Leave is protected when sought and granted under the Family and Medical Leave Act (FMLA), Americans with Disabilities Act (ADA), or another state or federal statute providing for leave. While these statutes generally require reinstatement after leave, they also make exceptions for business necessities like those involved in downsizing.

Eliminating a Position During FMLA Leave

Under the FMLA, for example, an employee on leave is normally entitled to reinstatement to their pre-leave (or an equivalent) position when their leave ends. However, the FMLA’s “no greater rights” provision waives this requirement for employees laid off during FMLA leave, including because of position eliminations. But employers beware (and document carefully)—if faced with a request for reinstatement from a downsized employee, the burden is yours to show that the employee would have been laid off even if they had not taken leave and that the termination and position elimination are not retaliation for taking leave.

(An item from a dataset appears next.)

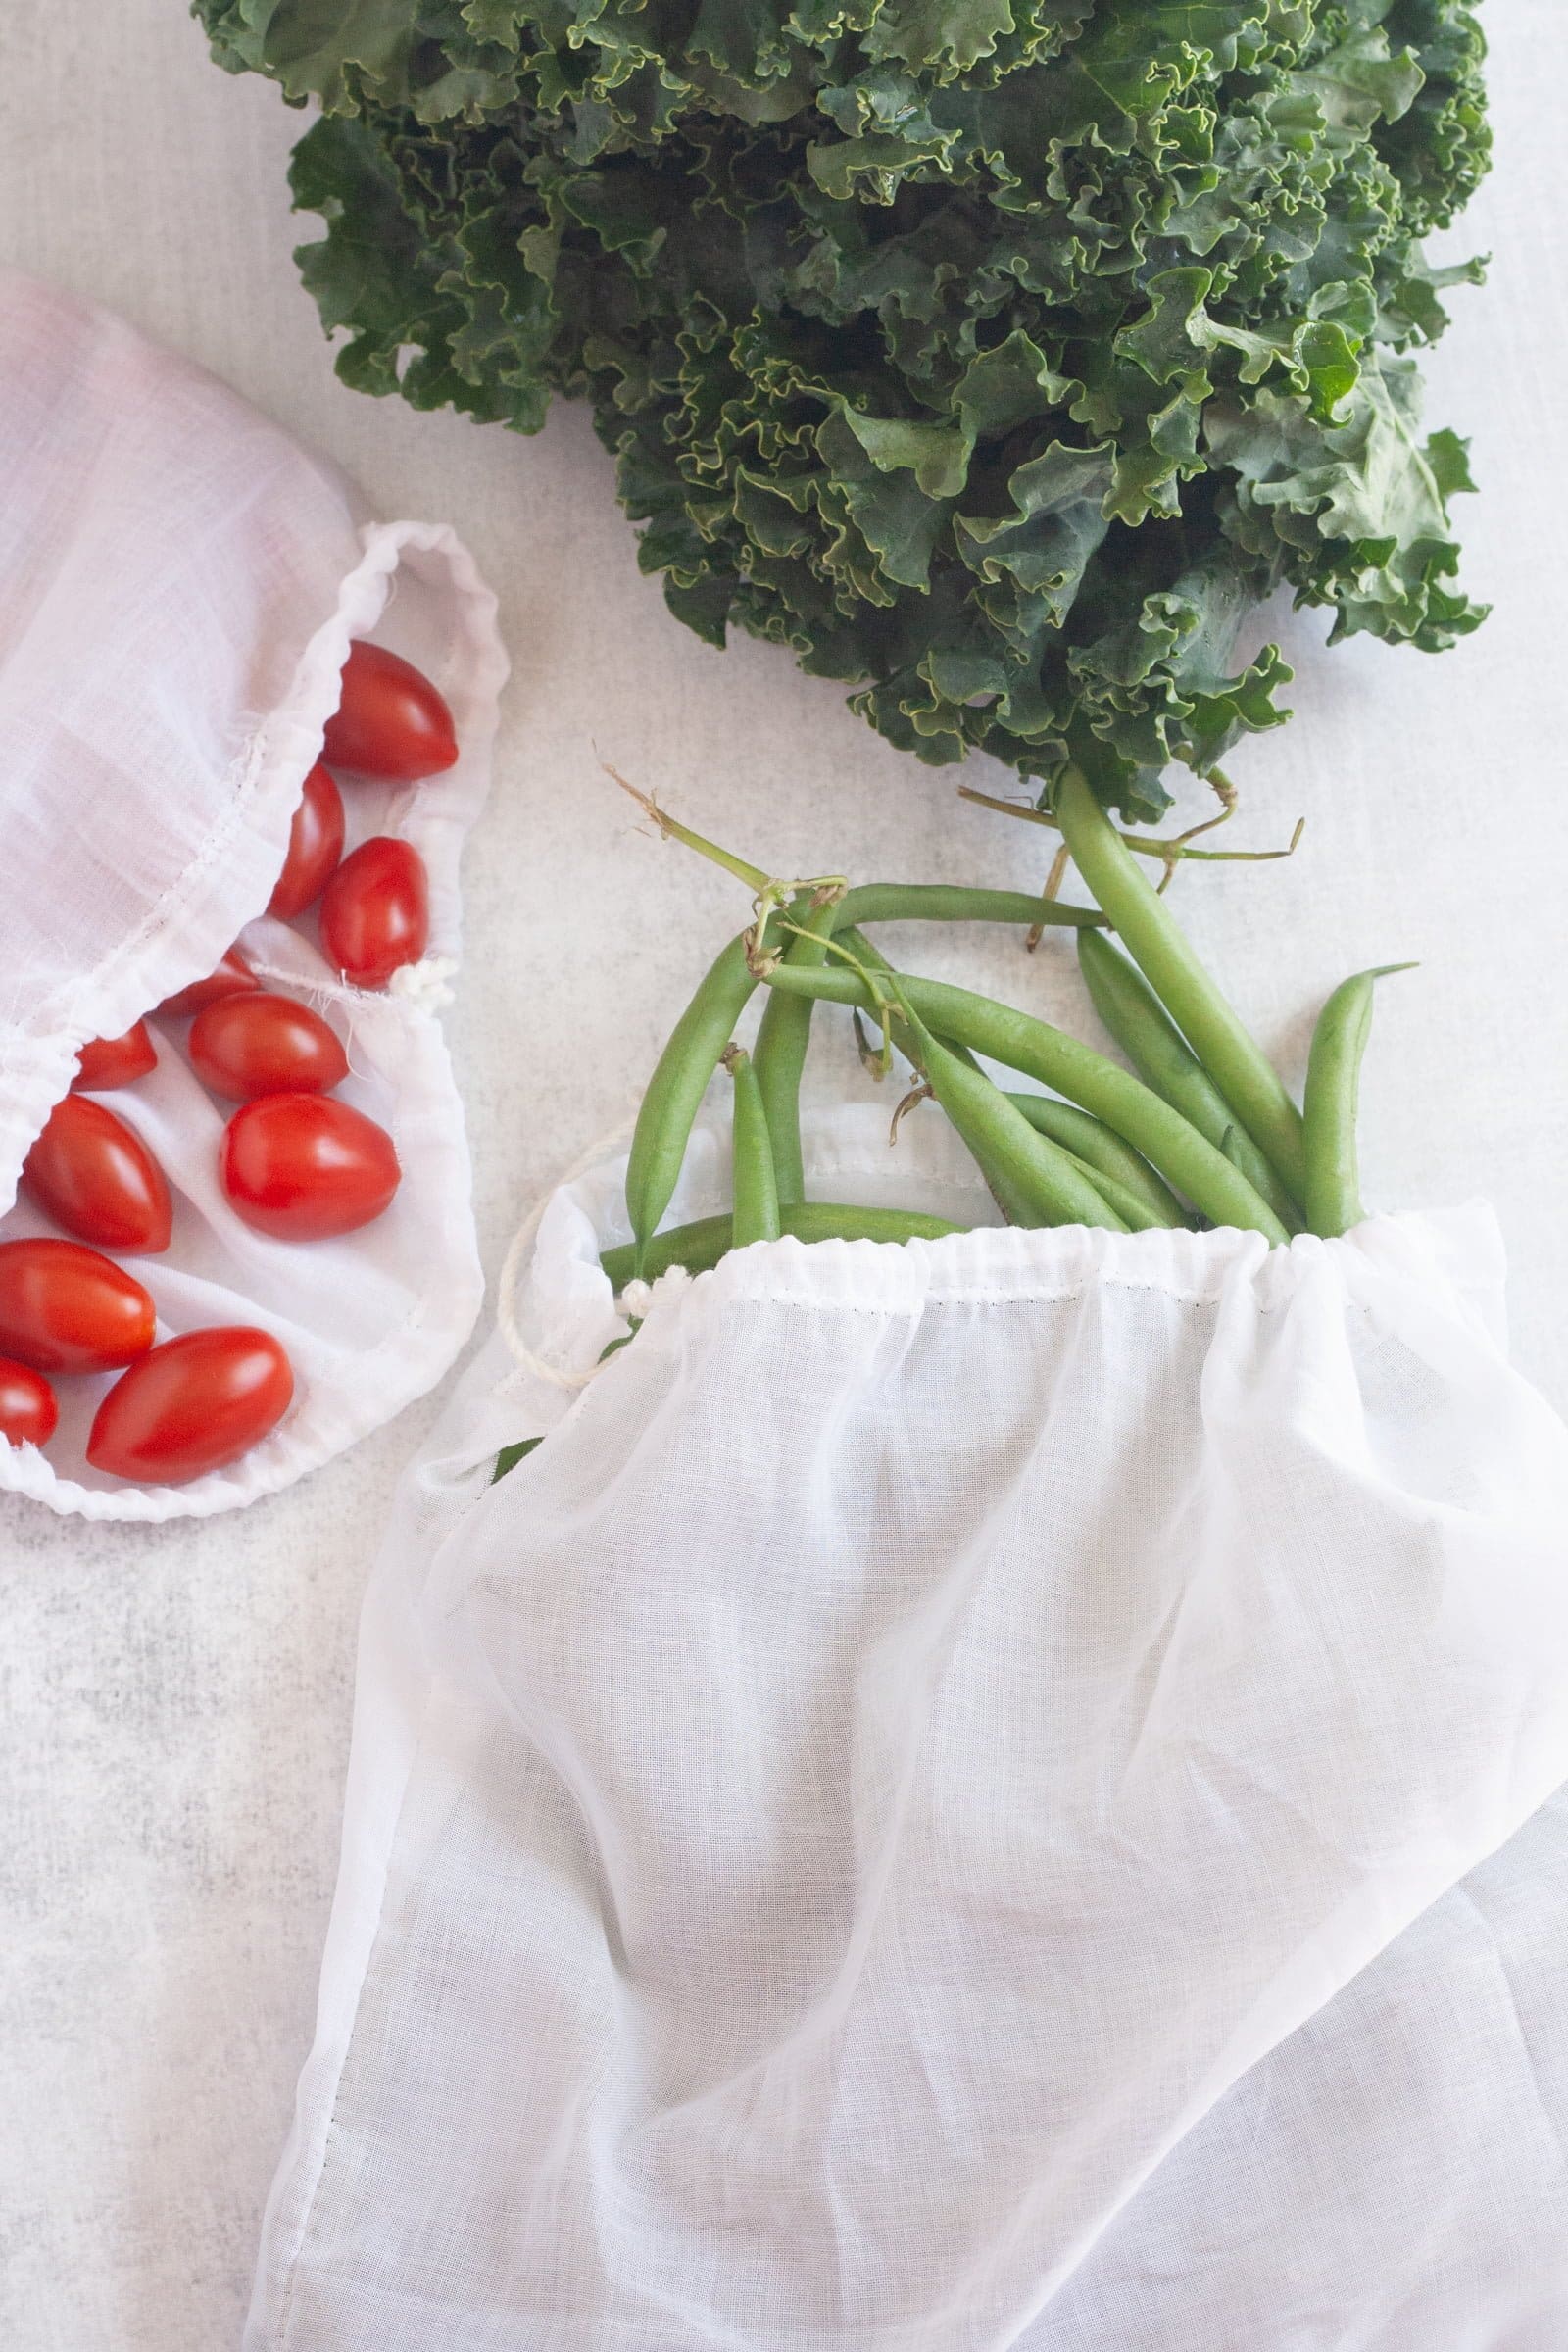 Three white cotton voile reusable produce bags filled with kale, cherry tomatoes, and green beans.
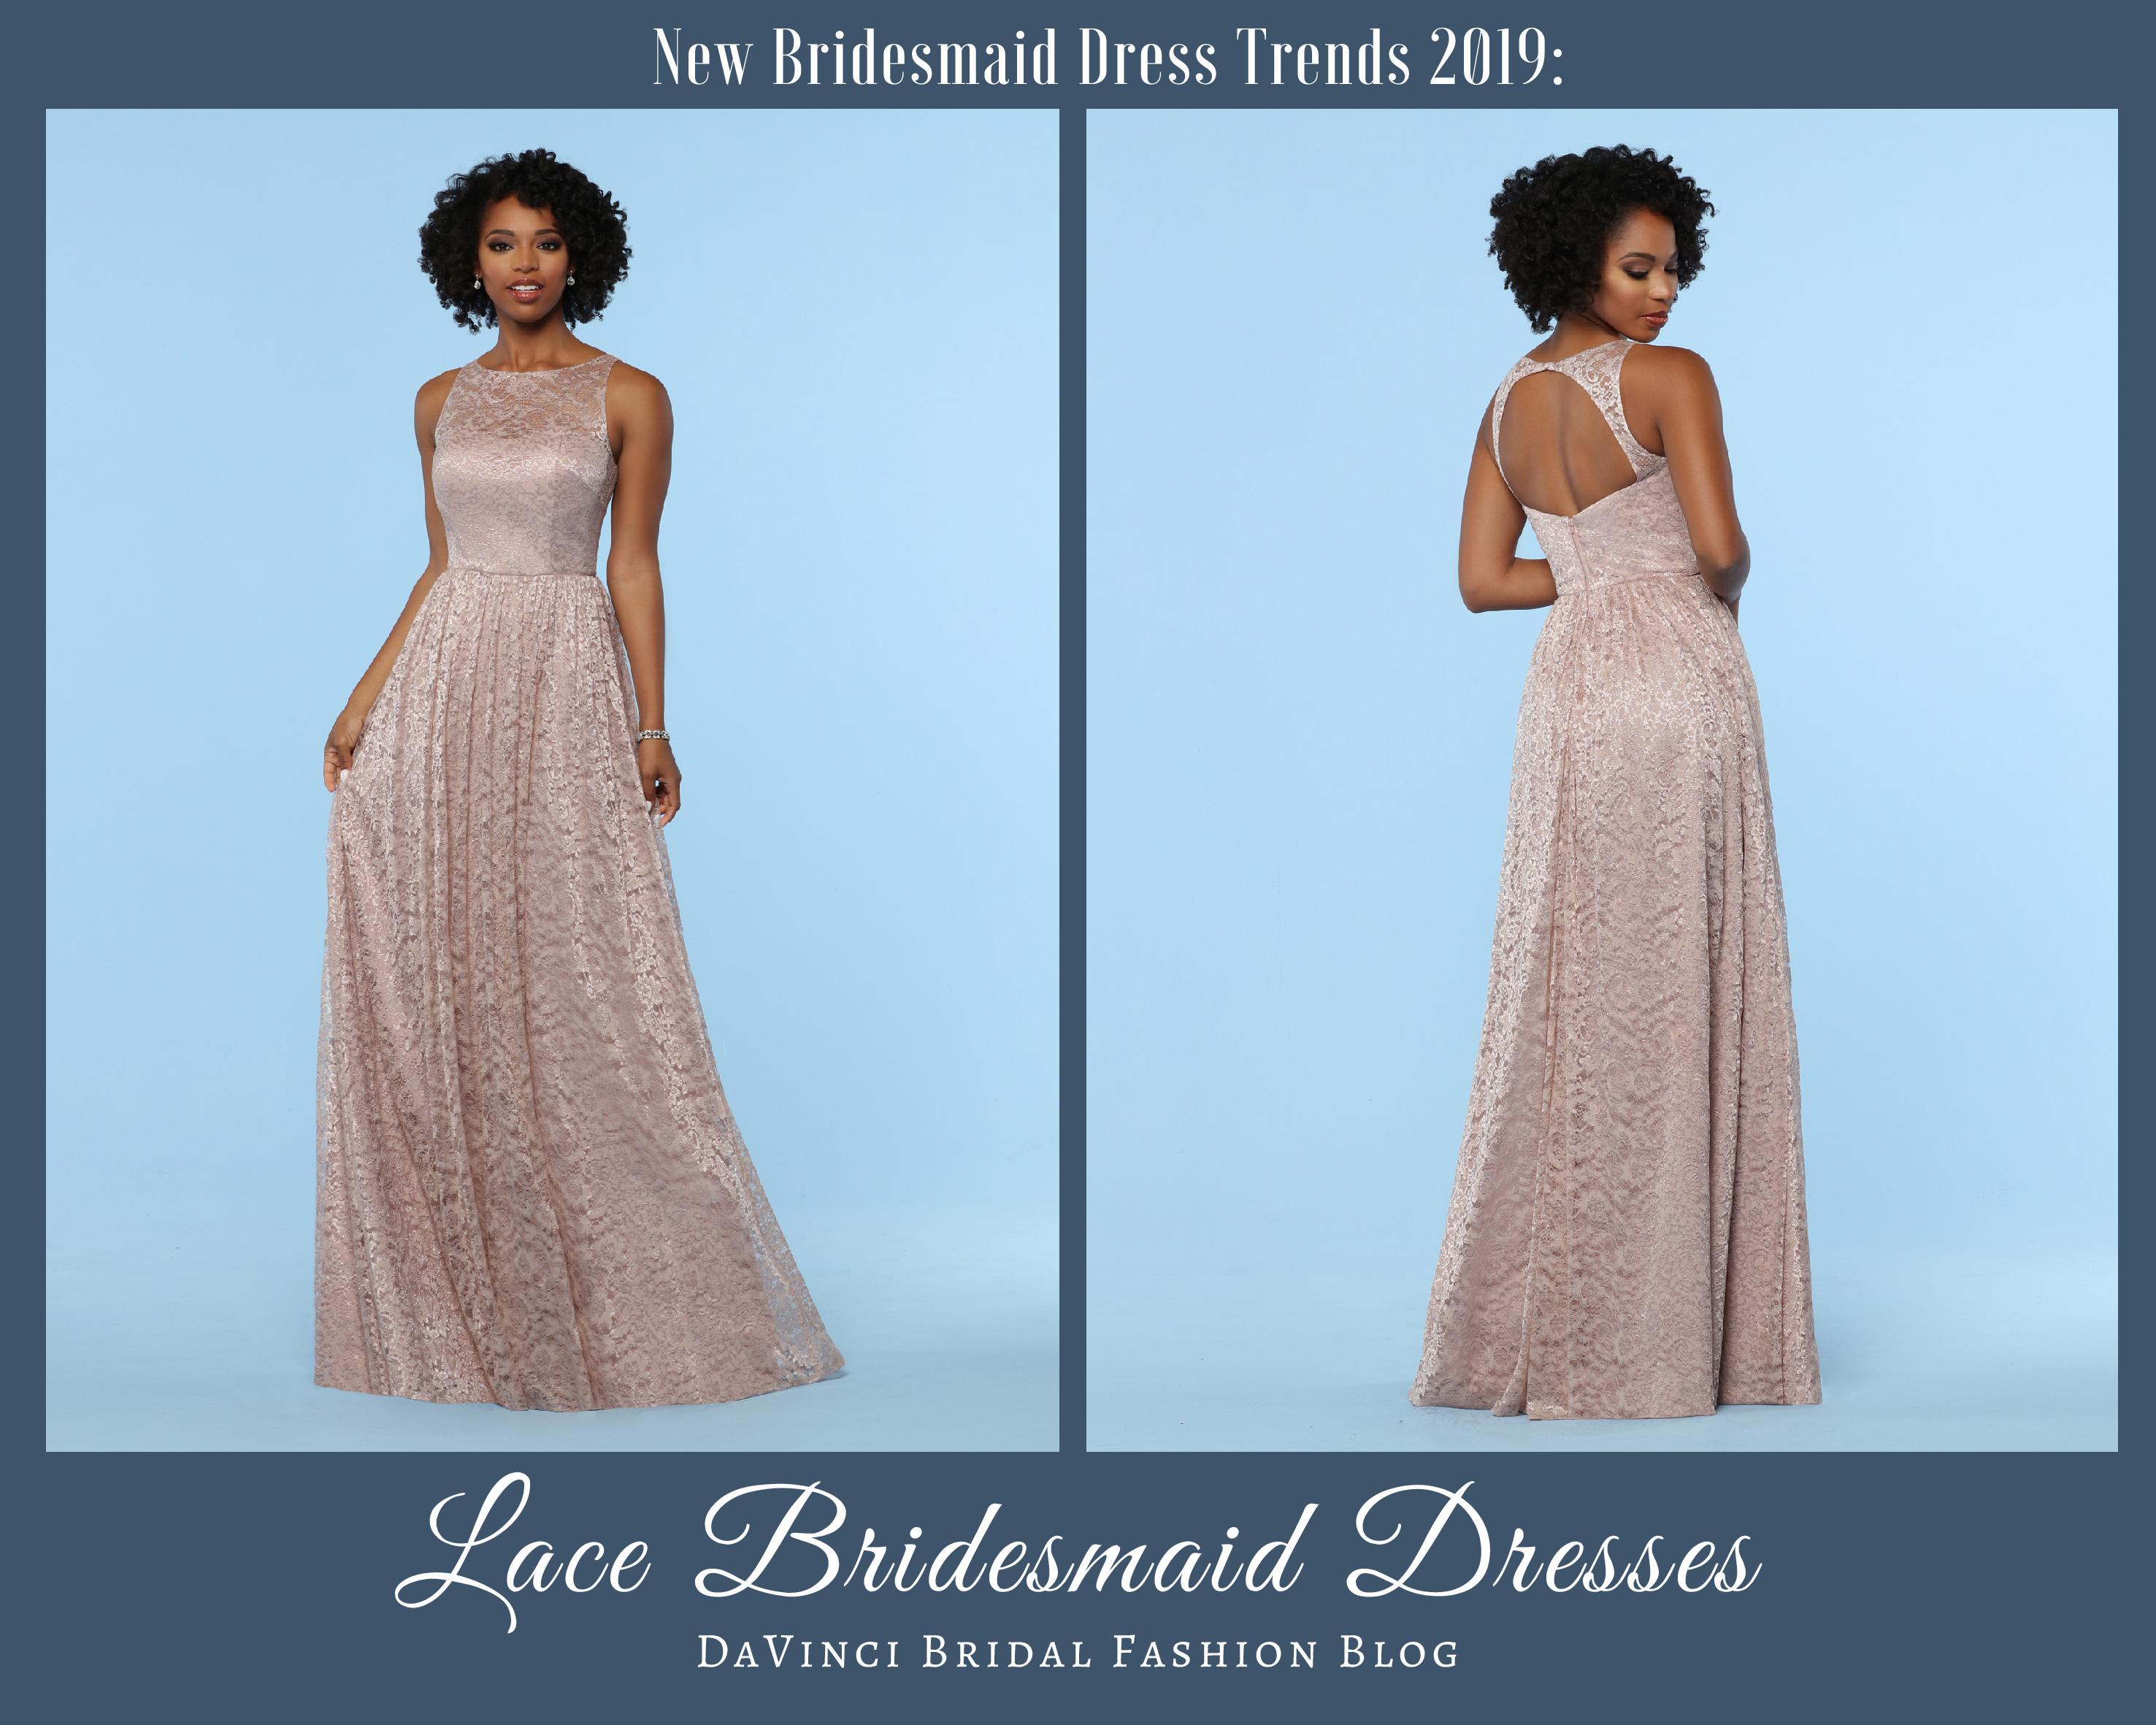 This is the Latest Bridal Dress Trend and We Love It - Wedded Wonderland

To avoid FMLA liability, downsizing employers should be sure to eliminate roles based on neutral factors unrelated to leave, not merely because their occupants aren’t around to advocate for their jobs.

Eliminating a Position During ADA Leave

ADA leave operates slightly differently. Employers are often required to grant medical leave as a reasonable ADA accommodation. An employee granted ADA leave as a reasonable accommodation is generally entitled to return to their same position—not an equivalent position, as under the FMLA—unless the employer demonstrates that holding the position open would impose an undue hardship.

After careful documentation and individualized consideration, an employer downsizing for legitimate business reasons could likely demonstrate that holding a redundant or unnecessary position open constitutes an undue hardship. But even so, under the ADA, that employer must then consider whether the employee on leave can be reassigned to an equivalent position (as opposed to their exact pre-leave position, now eliminated). If no equivalent position is available, the employer must consider reinstatement to a lesser position. Reinstatement is not required only if a vacant position at a lower level is also unavailable.

Don’t Forget State Law

Employers should also consider state leave law requirements. States including Colorado, Washington and Oregon have adopted family and medical leave laws, and those laws generally create reinstatement rights. Other states have pregnancy leave laws (Montana, for example), while others (like Nevada) provide leave for victims of domestic violence and sexual assault. Every state has a workers’ compensation statute, and those statutes too can provide health-based leave for injured workers. Where medical leave is taken under any of these statutes, employers should consult with counsel to determine whether (1) the statutes have reinstatement requirements, and (2) allow, like the FMLA and ADA, exception to reinstatement requirements where positions are eliminated for business reasons.